● Assigned task:
What you give back must match the data exactly, minus the pictures.

● Information supplied:

_ _ _ _ _ _ _

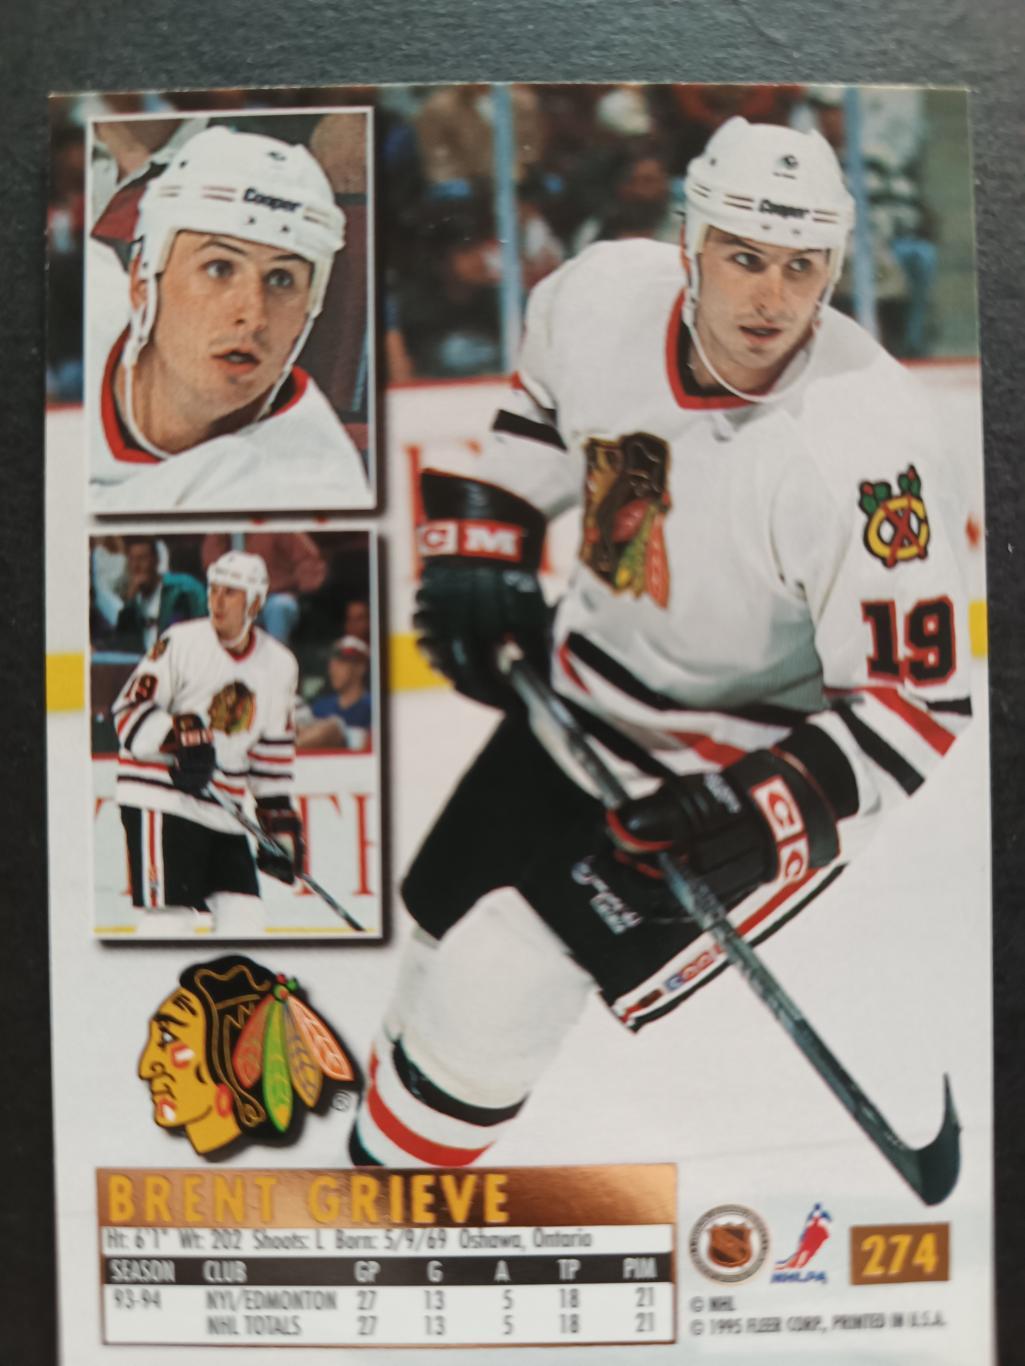 ХОККЕЙ КАРТОЧКА НХЛ FLEER ULTRA 1994-95 NHL BRENT GRIEVE BLACK HAWKS #274 1
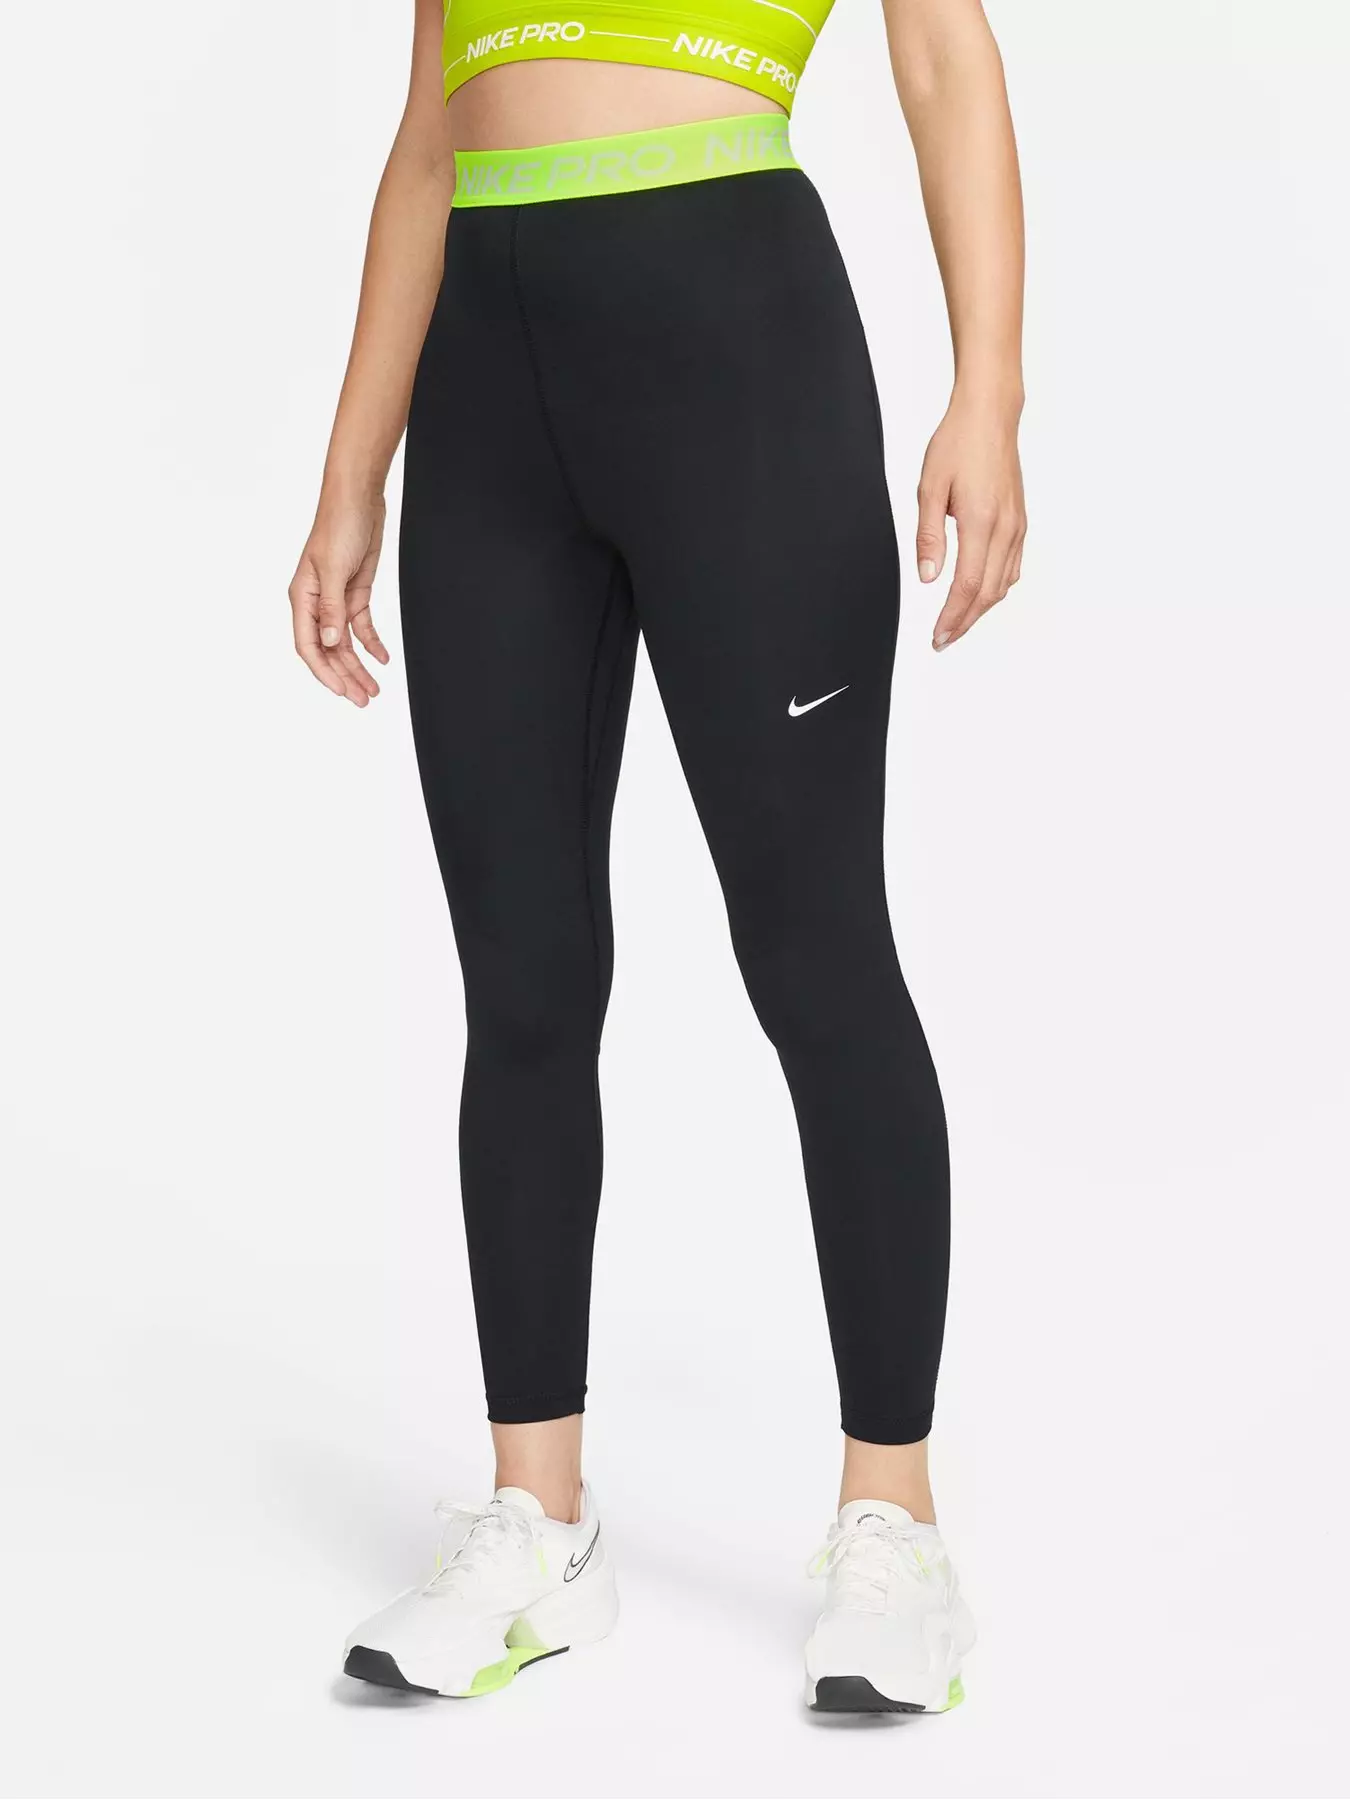 Nike Women's Dri-fit Printed Cropped Full Length Leggings Green Size XS  MSRP $65
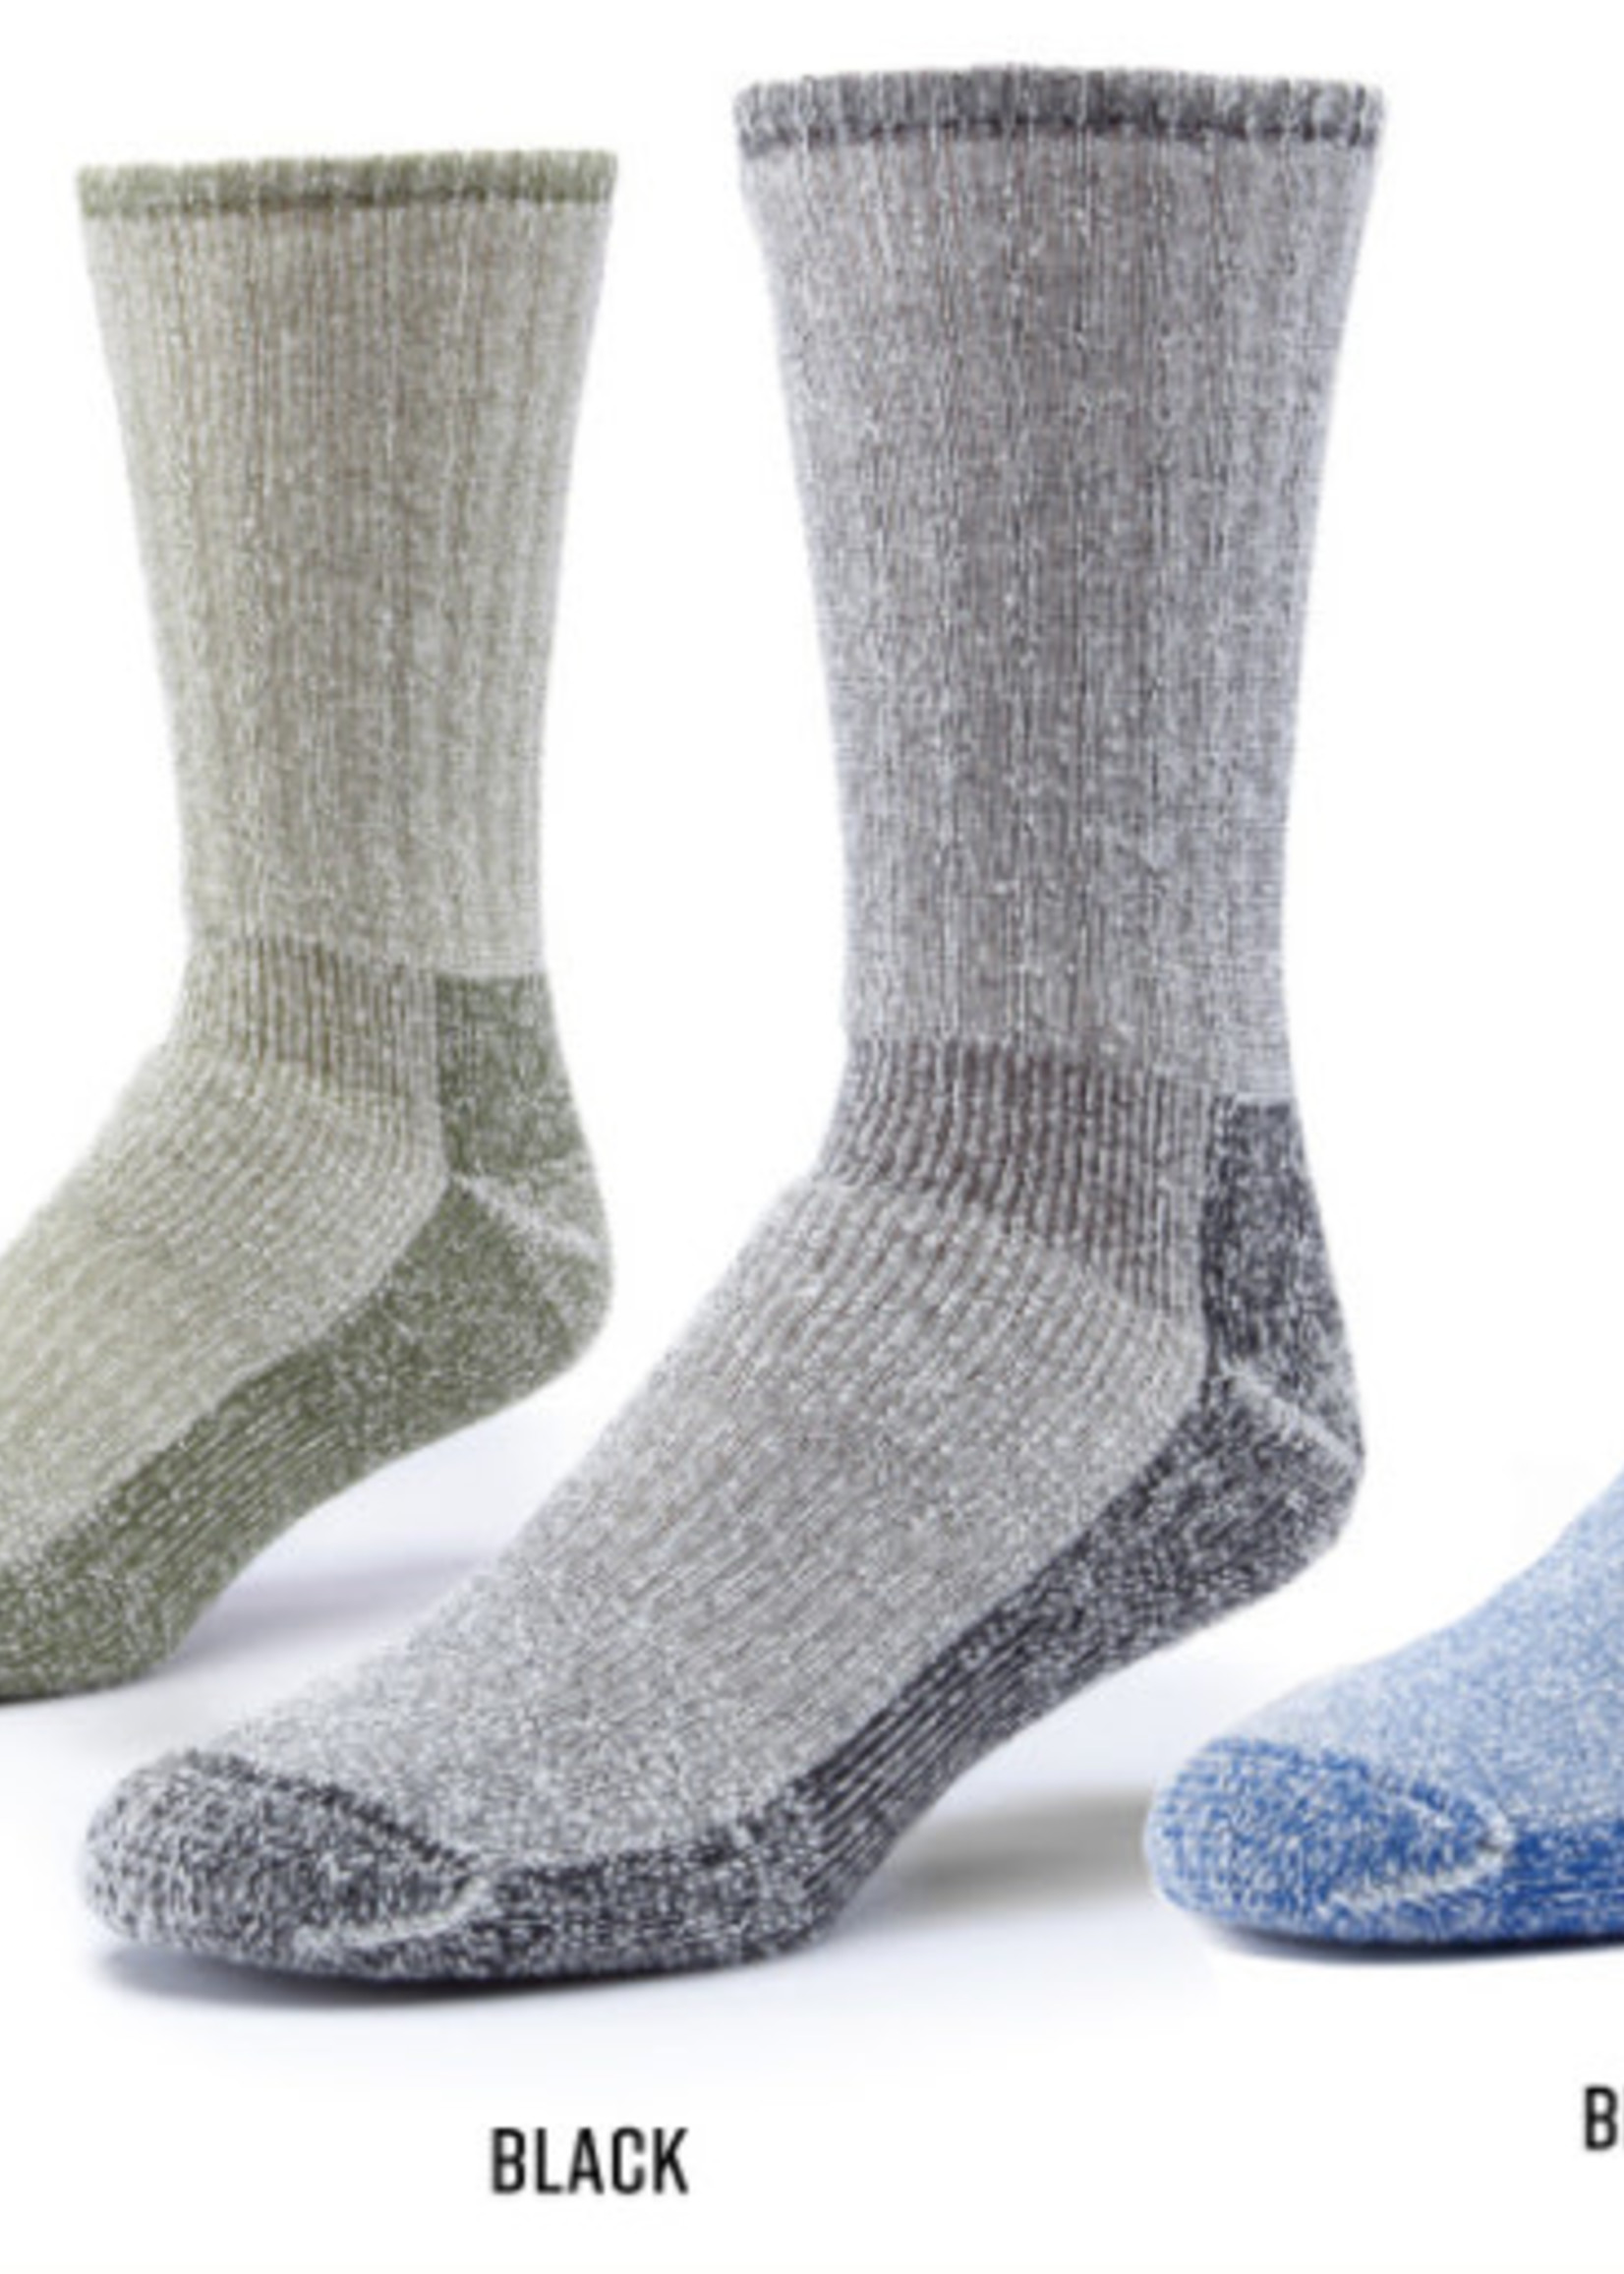 Maggies Organics Merino Wool Hiker Socks

_ _ _ _ _ _ _

● Result of this task:
 ХОККЕЙ КАРТОЧКА НХЛ FLEER ULTRA 1994-95 NHL BRENT GRIEVE BLACK HAWKS #274 1
 Nike Women's Dri-fit Printed Cropped Full Length Leggings Green Size XS  MSRP $65
 Maggies Organics Merino Wool Hiker Socks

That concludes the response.